## What you should do
All of the listing is to be written out word for word, with the pictures left out.

## Source data

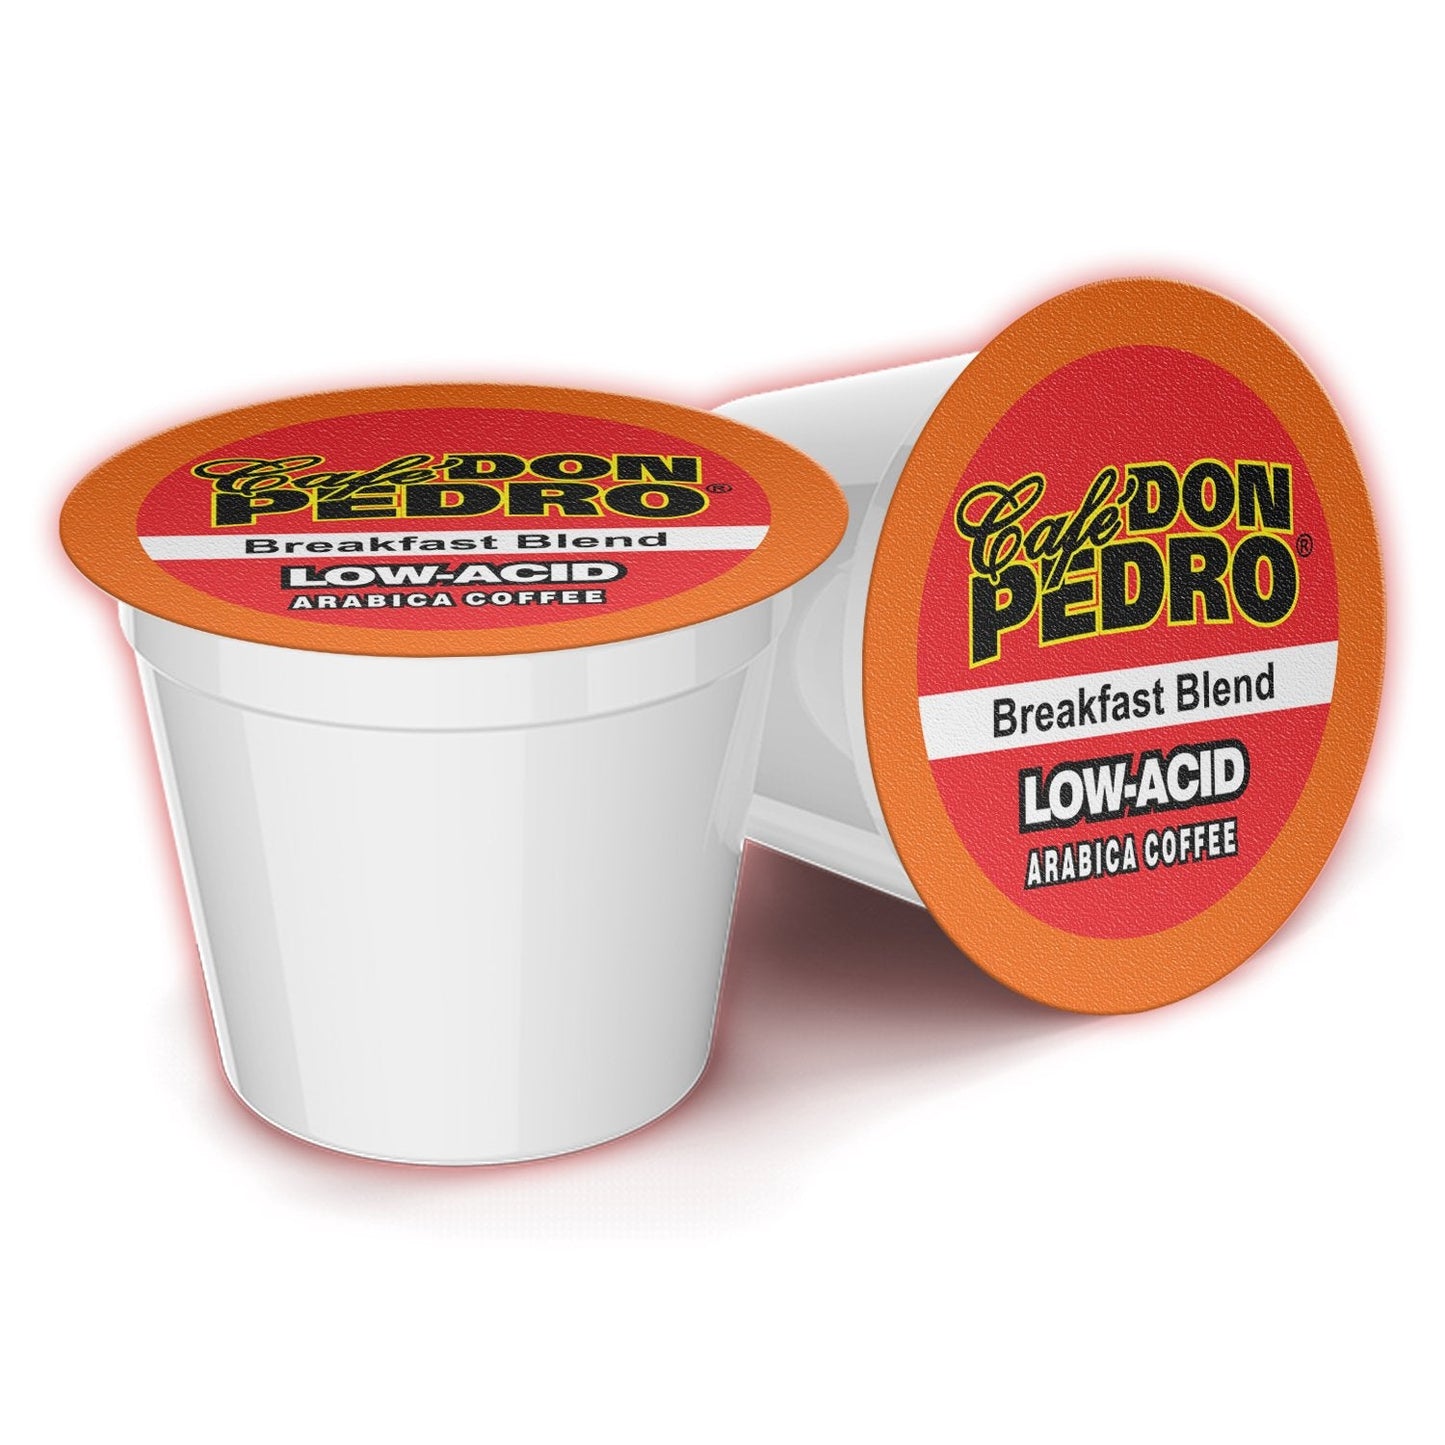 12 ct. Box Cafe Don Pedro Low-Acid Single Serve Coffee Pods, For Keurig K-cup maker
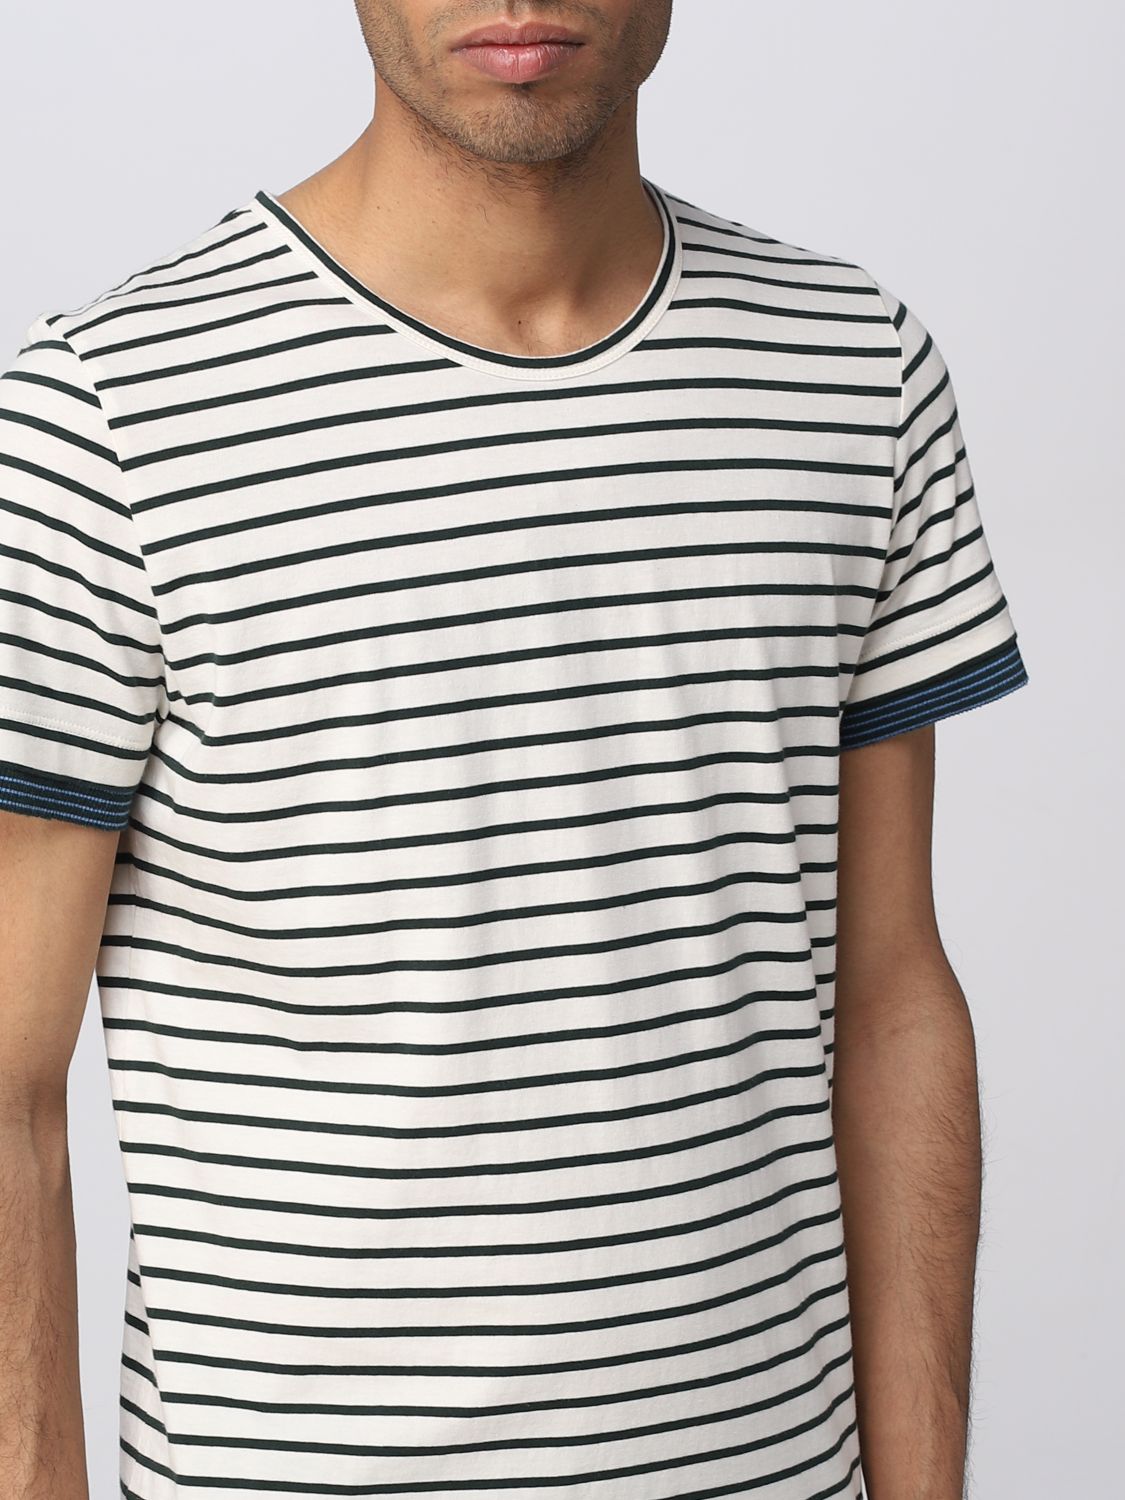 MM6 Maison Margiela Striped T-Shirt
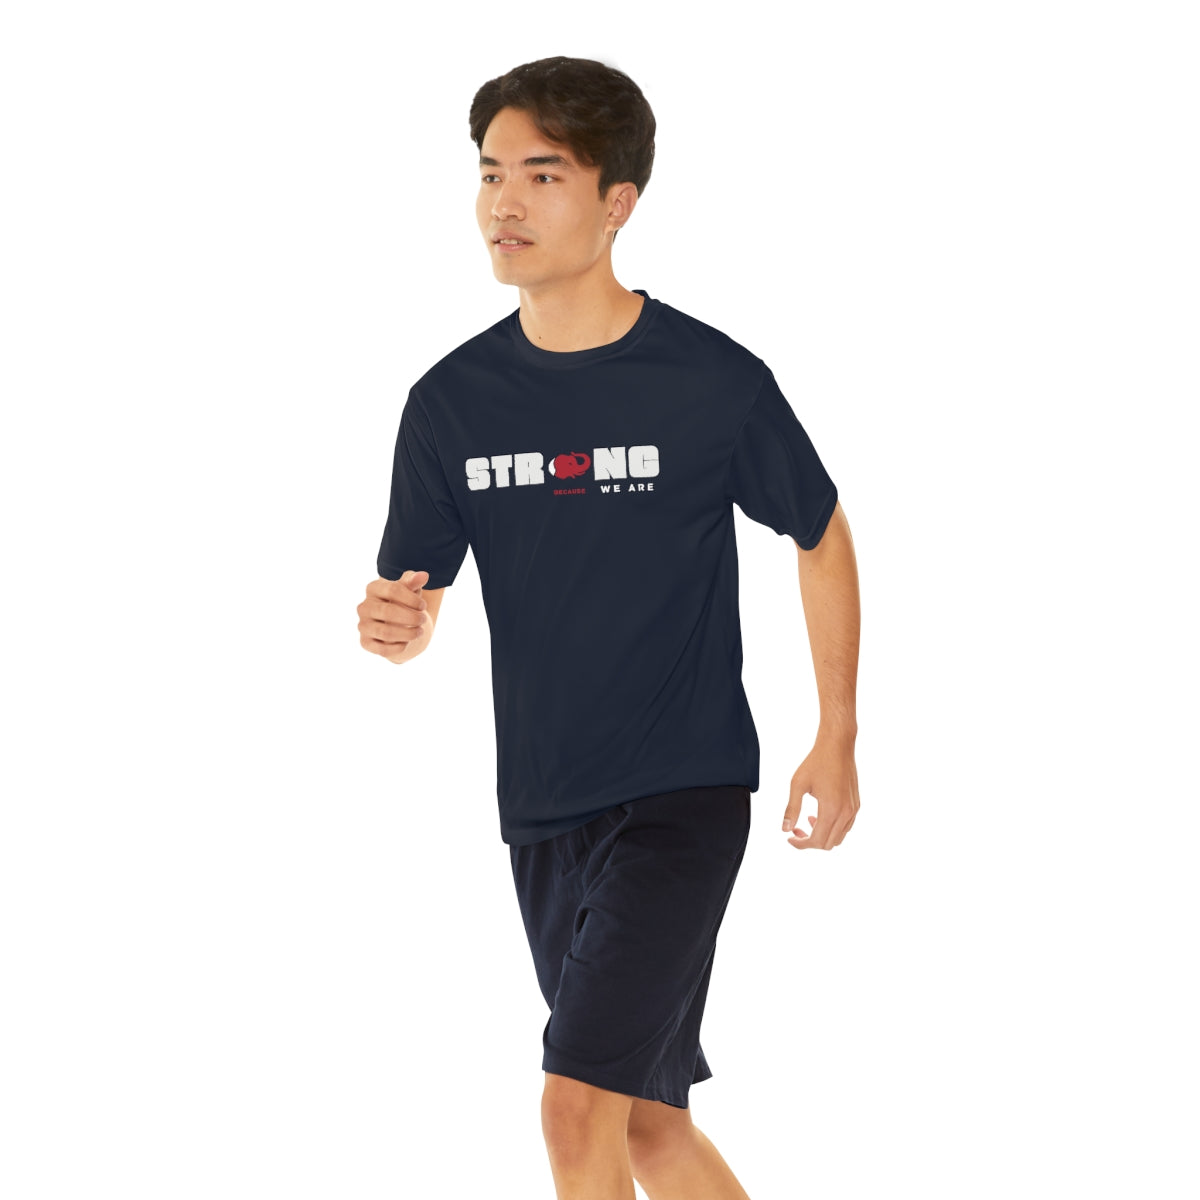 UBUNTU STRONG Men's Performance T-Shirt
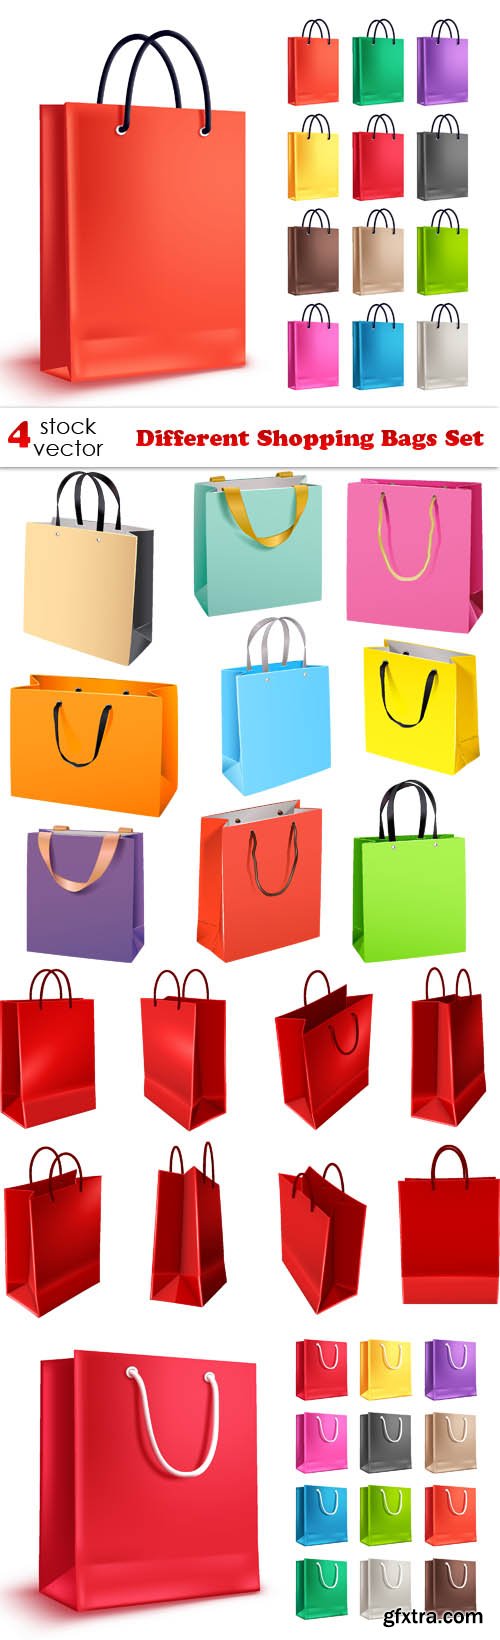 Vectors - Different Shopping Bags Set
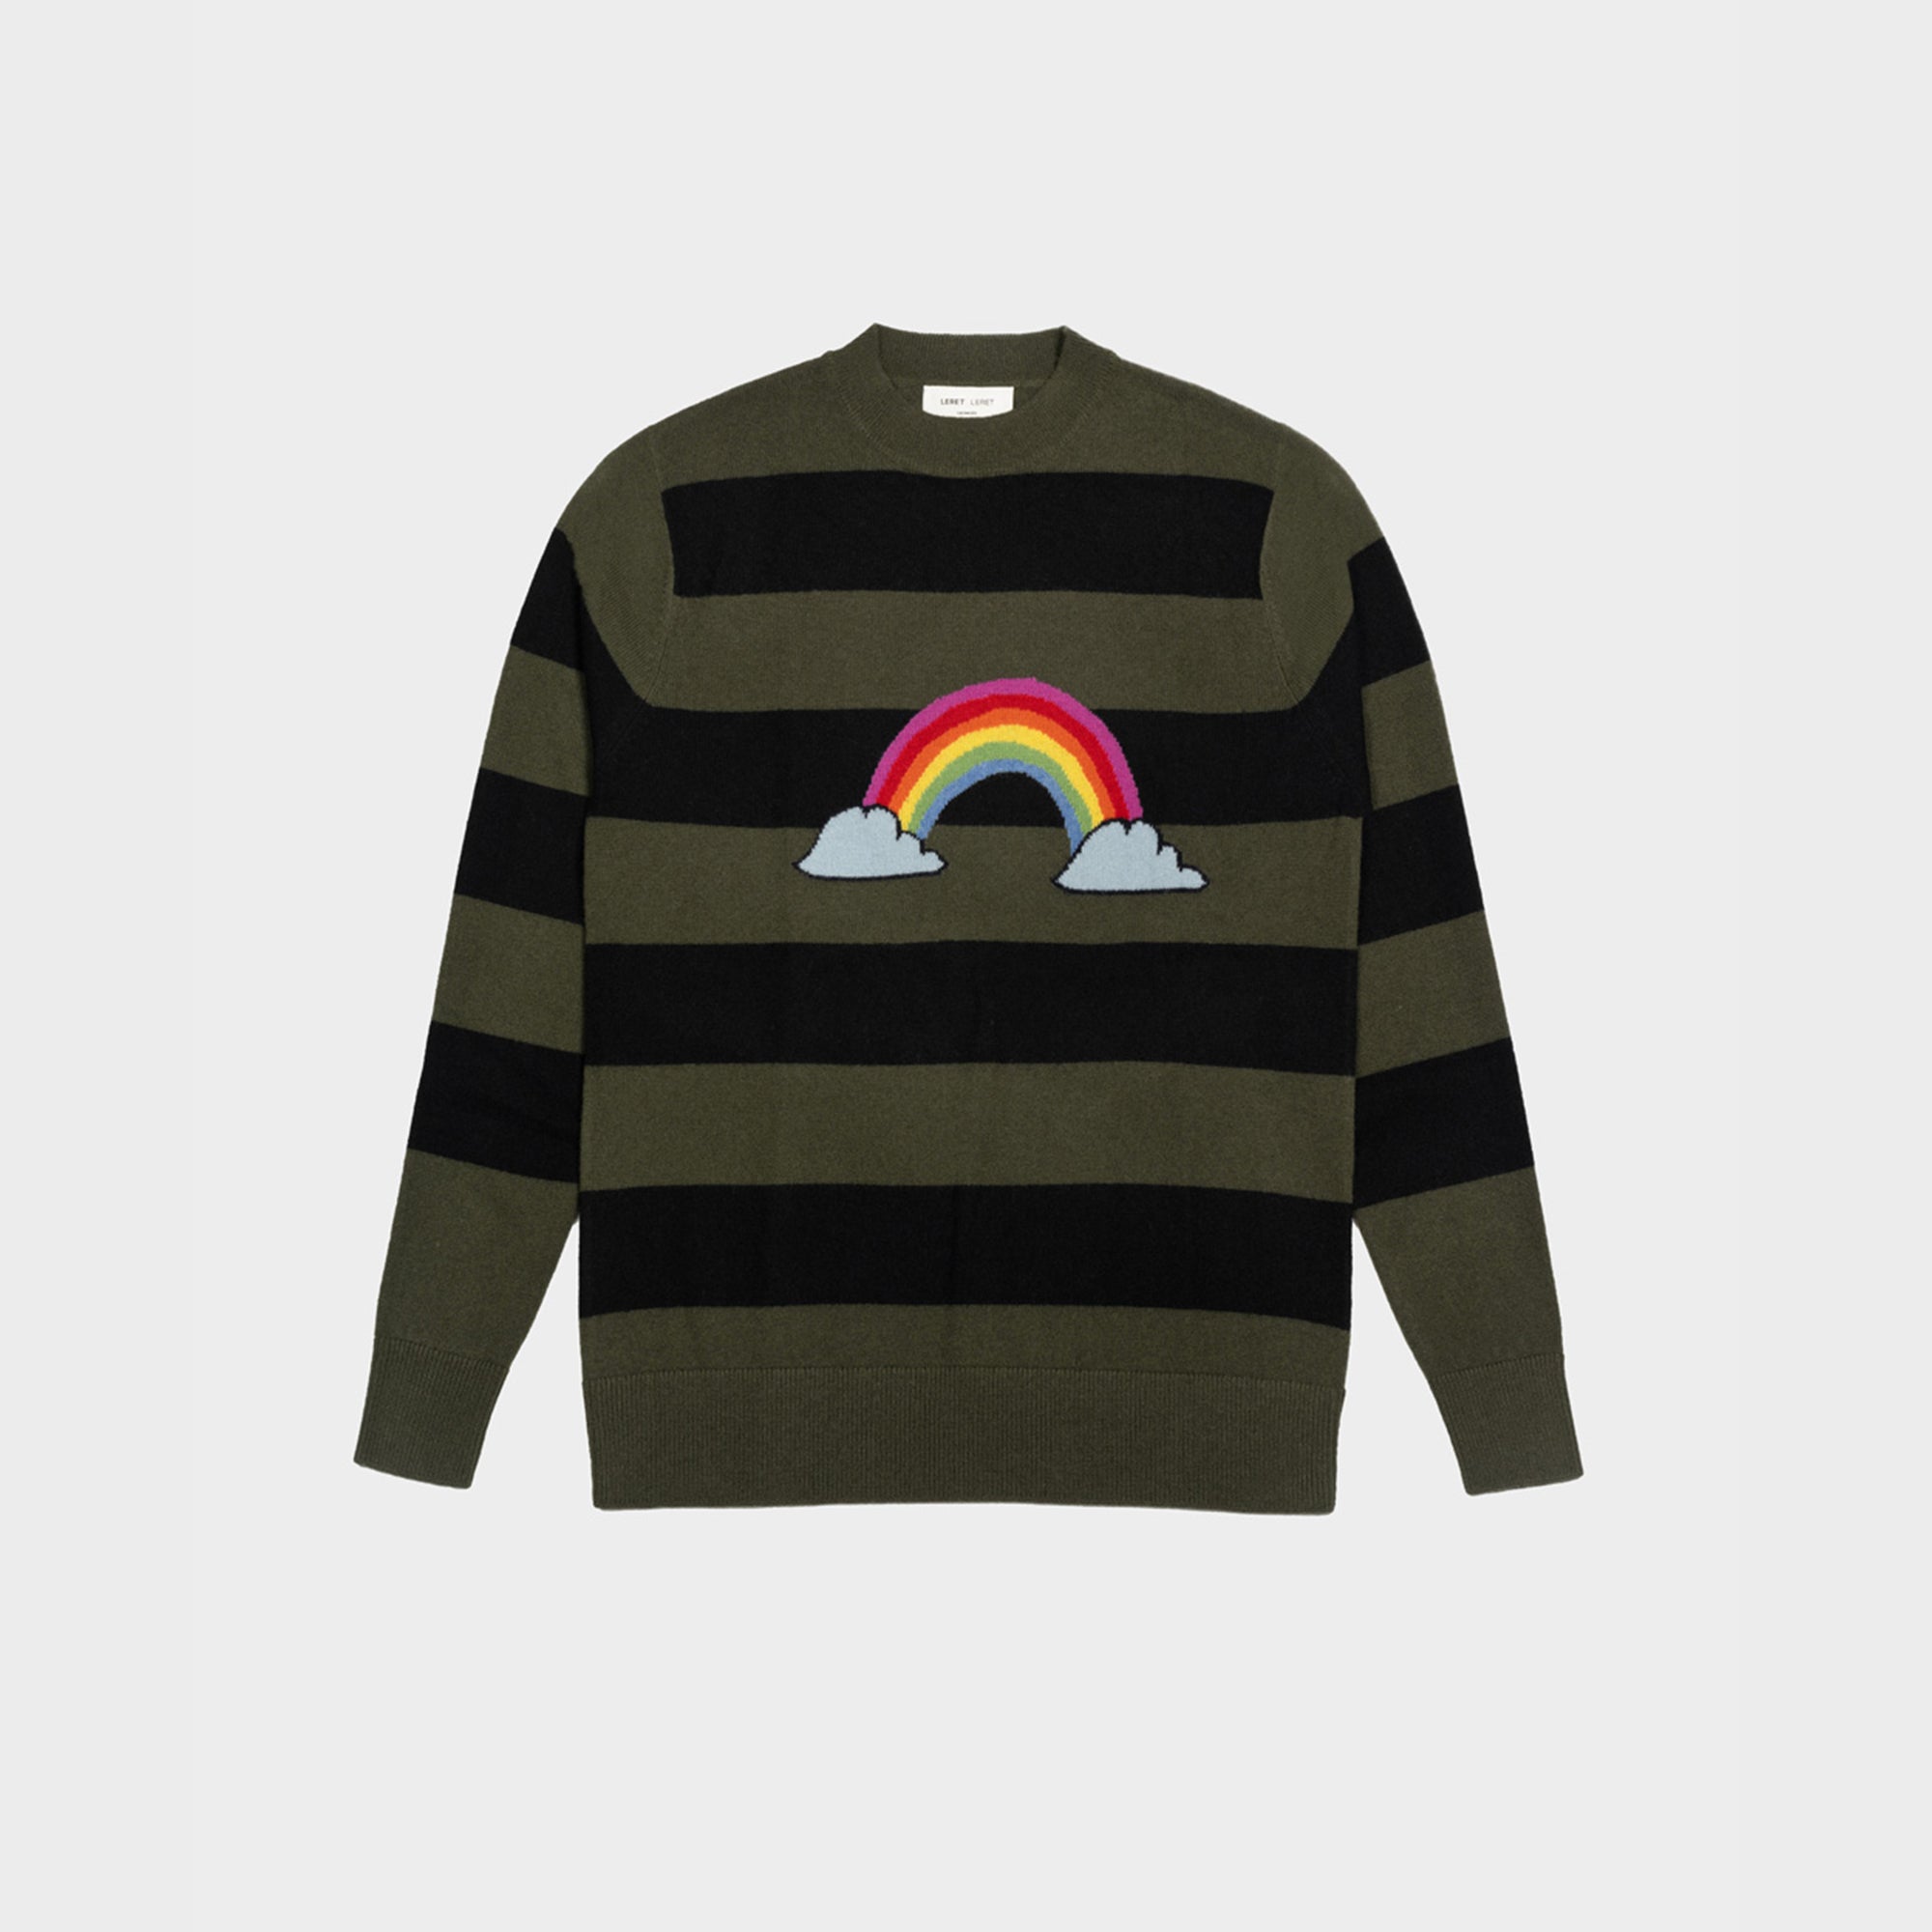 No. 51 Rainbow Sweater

## Solved exercise
 12 ct. Box Cafe Don Pedro Low-Acid Single Serve Coffee Pods, For Keurig K-cup maker
 MM6 Maison Margiela Striped T-Shirt
 UBUNTU STRONG Men's Performance T-Shirt
 Vectors - Different Shopping Bags Set
 No. 51 Rainbow Sweater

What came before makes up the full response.